Your service seems to be up now. The issue on our end I referenced earlier is related to overriding the port with the PORT env var after the service is created. I failed to completely address it initially. Once the service was up and getting 502s I was able to identify the root cause and fully fix it.

I am going to see if we can get this issue prioritized so it doesn’t cause problems in the future. Let me know if you have any more issues.

Great, thanks for all your help.

Unfortunately now all my builds for this service are just hanging on ‘In progress’ with nothing to show in the logs. Any idea what’s happening?

1 Like

Yeah having the same issue also over here with my builds just hanging on “In progress”

1 Like

Is your service also a docker web service?

It’s a web application/server in a Docker image, if that’s what you mean

1 Like

Getting 502s also on another Render project, all this while the status page says there’s no problems… heh

All our systems have now been restored and we are monitoring to ensure everything stays healthy.

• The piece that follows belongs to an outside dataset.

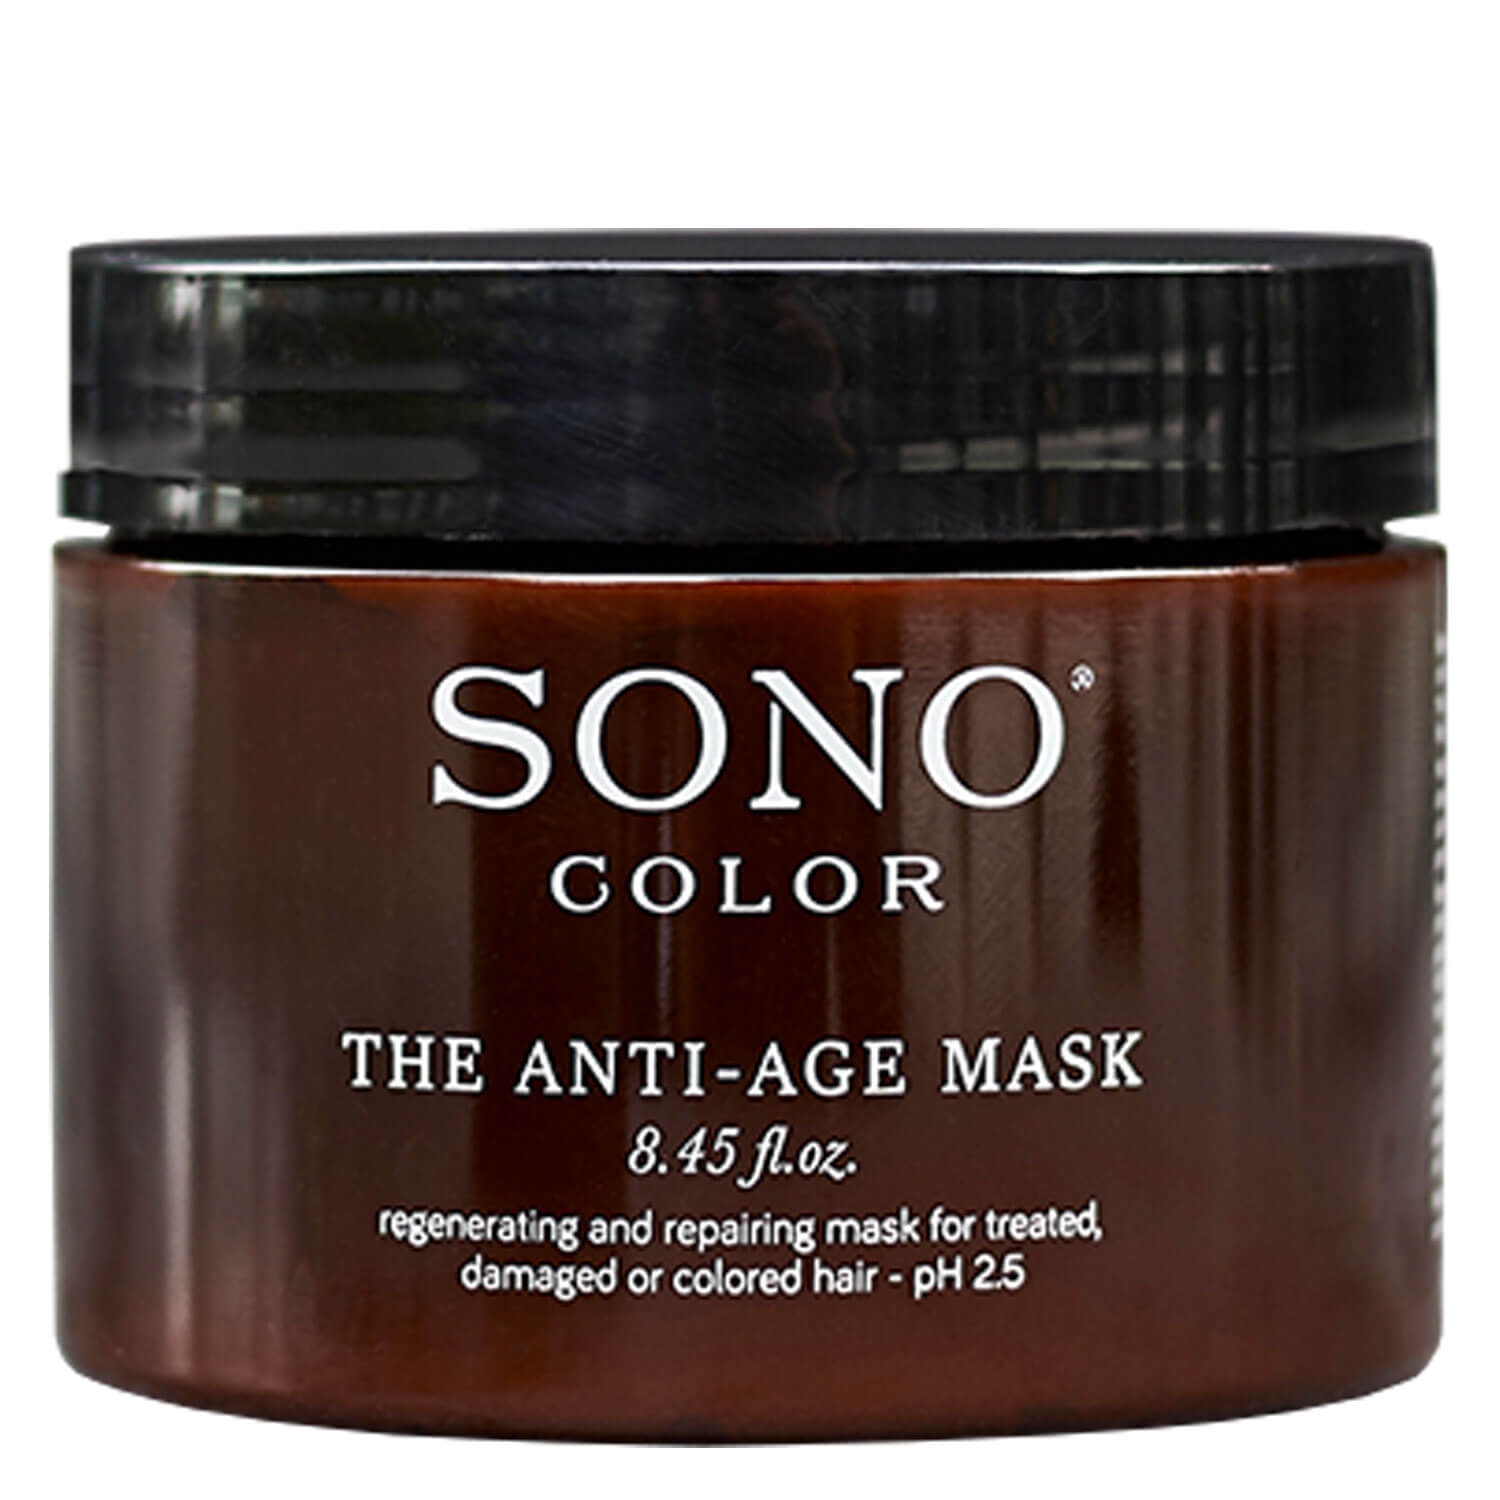 Produktbild von SONO Color - The Anti-Age Mask

Please let us know if you continue to see issues.

We will publish a postmortem after we conduct a full root cause analysis. Let us know if there’s anything else we can do to earn back your confidence. We know we fell short today, but we are working all the time towards higher reliability. It’s our top priority as a company.

I’m very sorry for the extended disruption.